The problem here is that the static array PHPExcel_Calculation::$_workbookSets gets a reference to the PHPExcel_Calculation object for each workbook. Every time do_it() runs this grows. Since the objects are therefore never really out of scope, their memory and that of their properties and so on cannot be reclaimed.

Replace your unset(...); with PHPExcel_Calculation::unsetInstance($phpexcel); and the memory leak goes away, as this removes the associated object from that array (and does only that.)

To the general question: cyclic references aren't the issue, the garbage collector handles them just fine - avoid globals (statics are just fancy globals) as they can hide well and balloon out of control.

Upvotes: 2

Mark Baker
Mark Baker

Reputation: 212522

The disconnectWorksheets() method was added pre-dating PHP 5.3's fancy new garbage collection.

The problem is that PHPExcel has cyclic references. A PHPExcel object references its worksheet objects, and the individual worksheets reference their parent PHPExcel object. Likewise, a worksheet object references all of its cells (via the cached cell collection), and the cells all reference their parent worksheet.

This type of cyclic relationship couldn't be cleaned with the old PHP garbage collector, which worked purely off the reference count; meaning that objects couldn't be unset if any references to them existed elsewhere.

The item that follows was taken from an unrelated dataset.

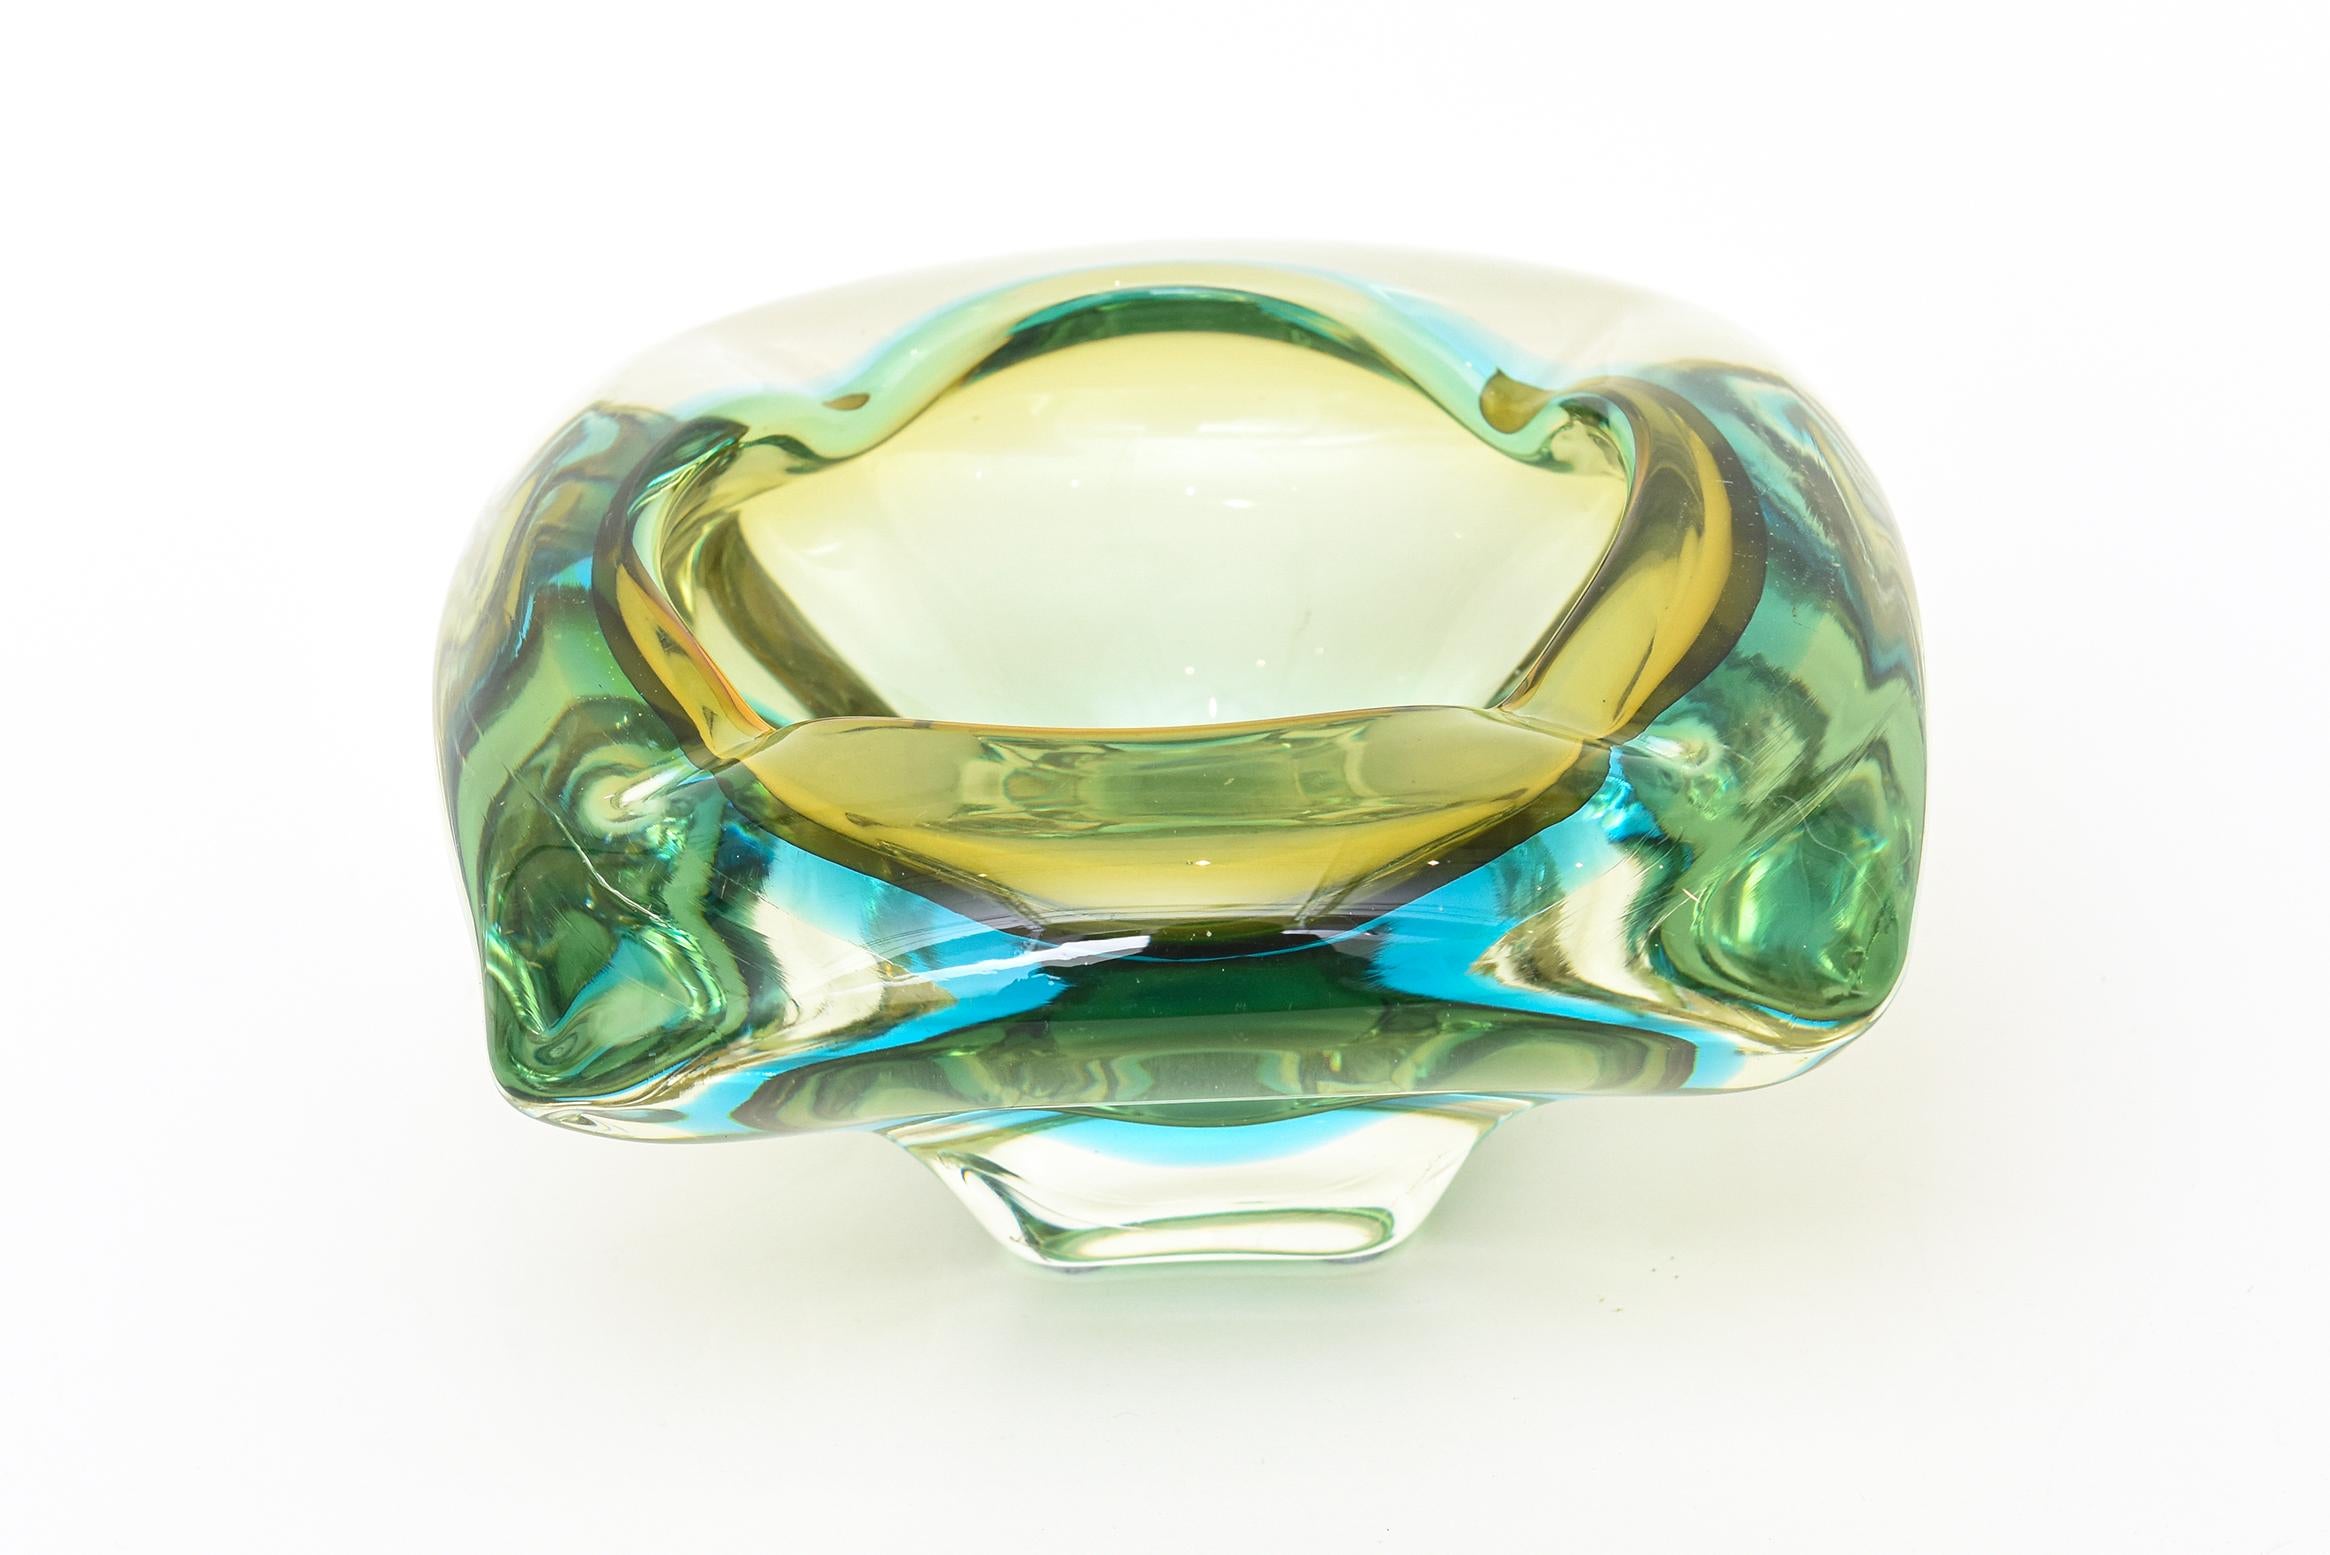 Flavio Poli Vintage Murano Sommerso Turquoise and Green Glass Bowl Or Ashtray For Sale 1
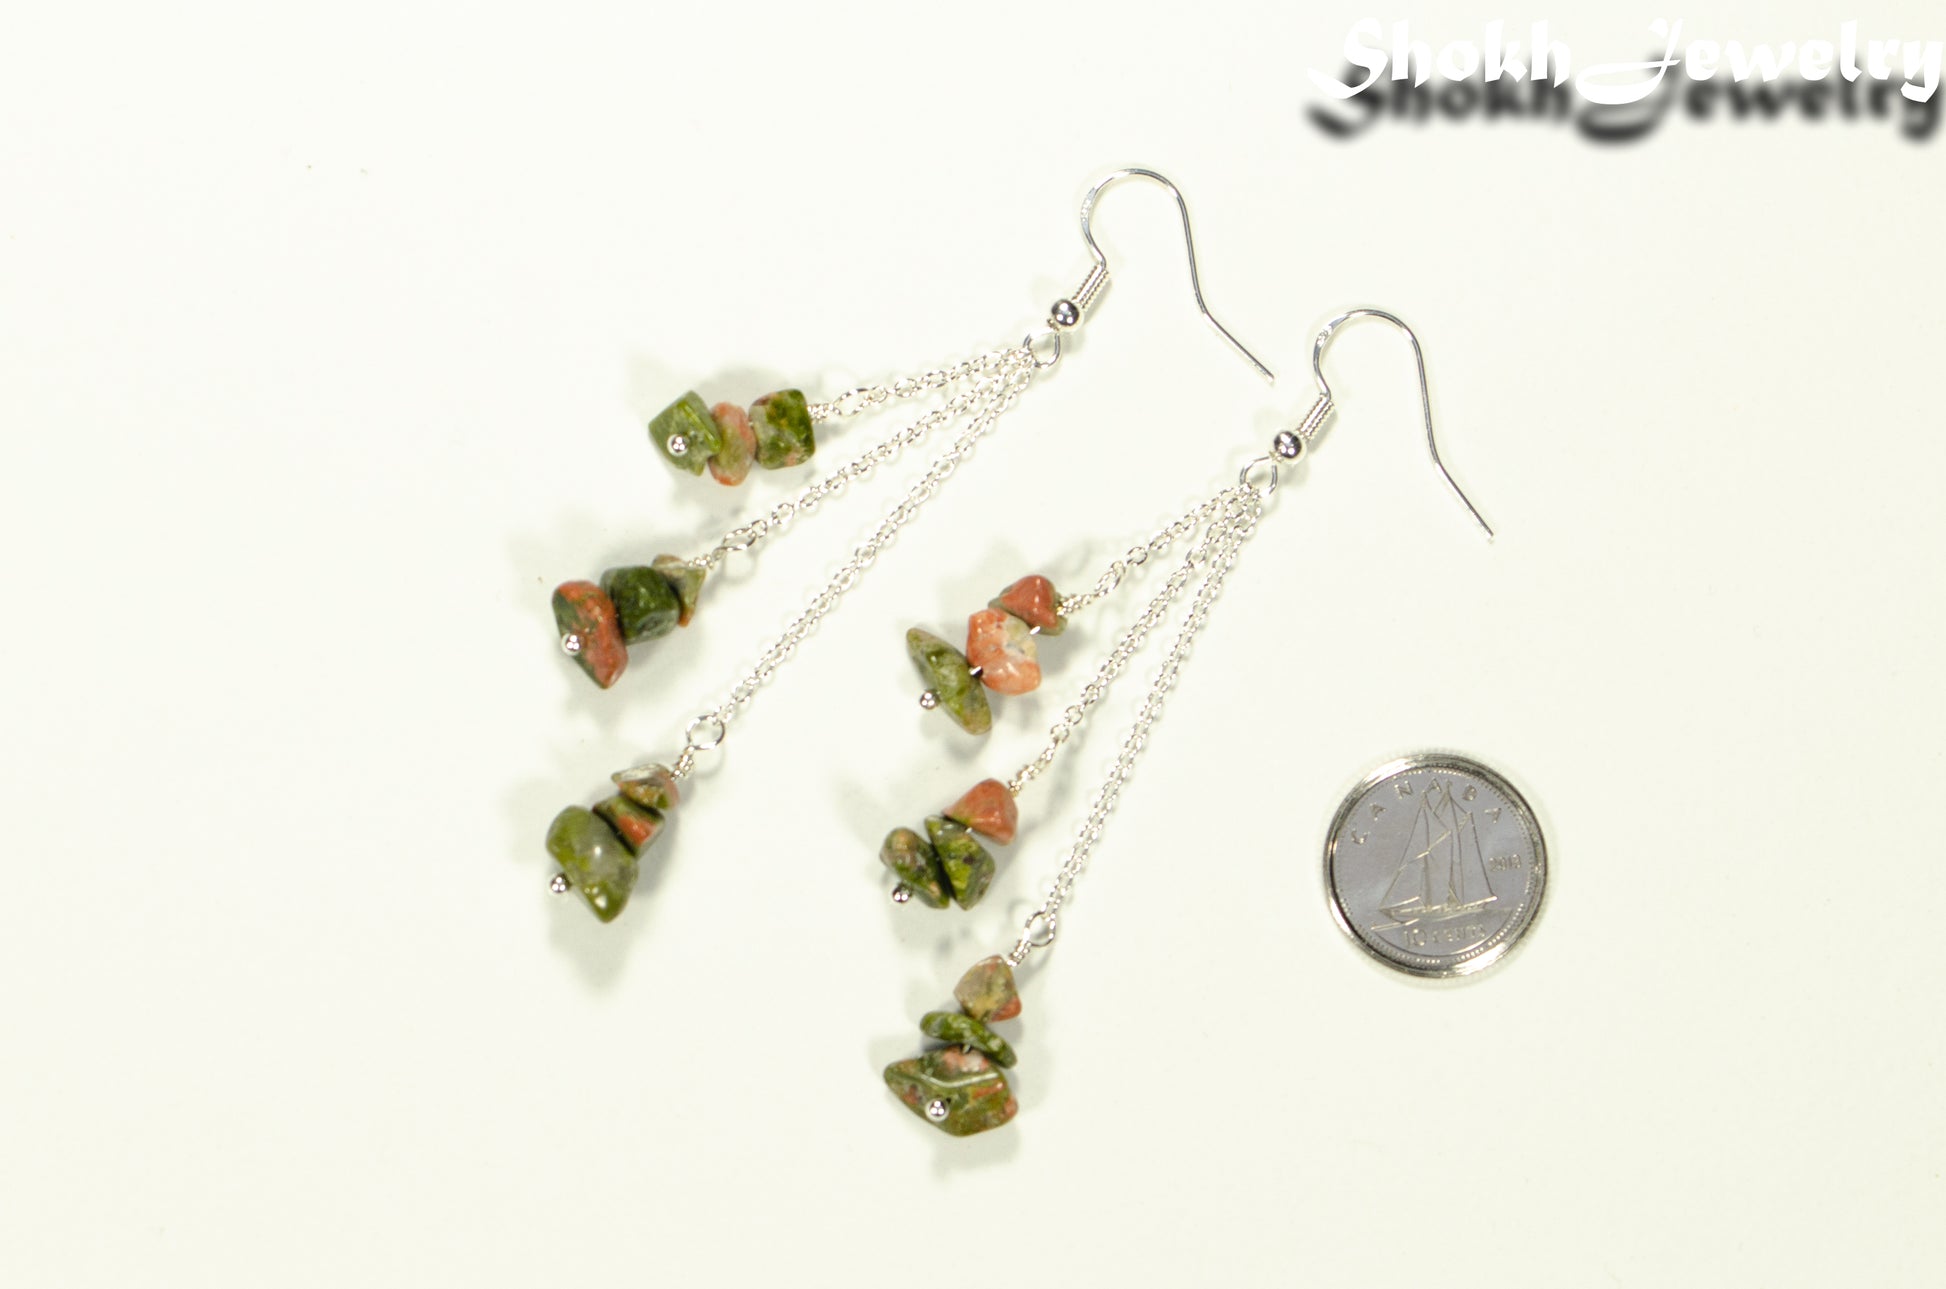 Long Silver Plated Chain and Unakite Crystal Chip Earrings beside a dime.

disconnectWorksheets() provided a simplistic method that breaks those cyclic relationships from bottom to top: disconnecting the cells from their worksheet parent so that only the non cyclic worksheet -> cell relationship exists, and similarly between the PHPExcel object and its worksheets.

Once the cyclic relationships are broken, a simple unset() should work.

However, I see from the code that you're creating a separate reference to the worksheet:

$worksheet = $phpexcel->getActiveSheet();

So this reference won't be cleaned by a call to disconnectWorksheets(), and a reference to the PHPExcel object will also be retained in the writer.

I suspect then that it might come down to the order in which

unset($phpexcel, $worksheet, $writer);

unsets the objects.

If it tries to unset $phpexcel first, then it probably can't because there's still a reference to it in $worksheet, and another in $writer.... perhaps reversing the order of the entities that you're unsetting will make that difference

unset($writer, $worksheet, $phpexcel);

or possibly unsetting $writer and $worksheet before calling disconnectWorksheets(); and only unsetting $phpexcel after that.


In theory, PHP 5.3's new garbage collection should handle these cyclic references, but in practise I'm not sure how effective it really is... it's not something I've tested at all. In theory, it should eliminate all need to use the disconnectWorksheets() method.

The disconnectWorksheets() method has really been retained for those users who still use PHP <= 5.3 (PHP 5.2.0 is still the earliest supported version; and believe it or not, I still had somebody asking me to address an issue running PHPExcel under 5.1.16 just this weekend). However, it's quite possible that there are other cyclic references, perhaps within the styles relations, that aren't being cleaned by a call to disconnectWorksheets(), so I can't even guarantee this unfortunately; but it's the best advice that I can offer.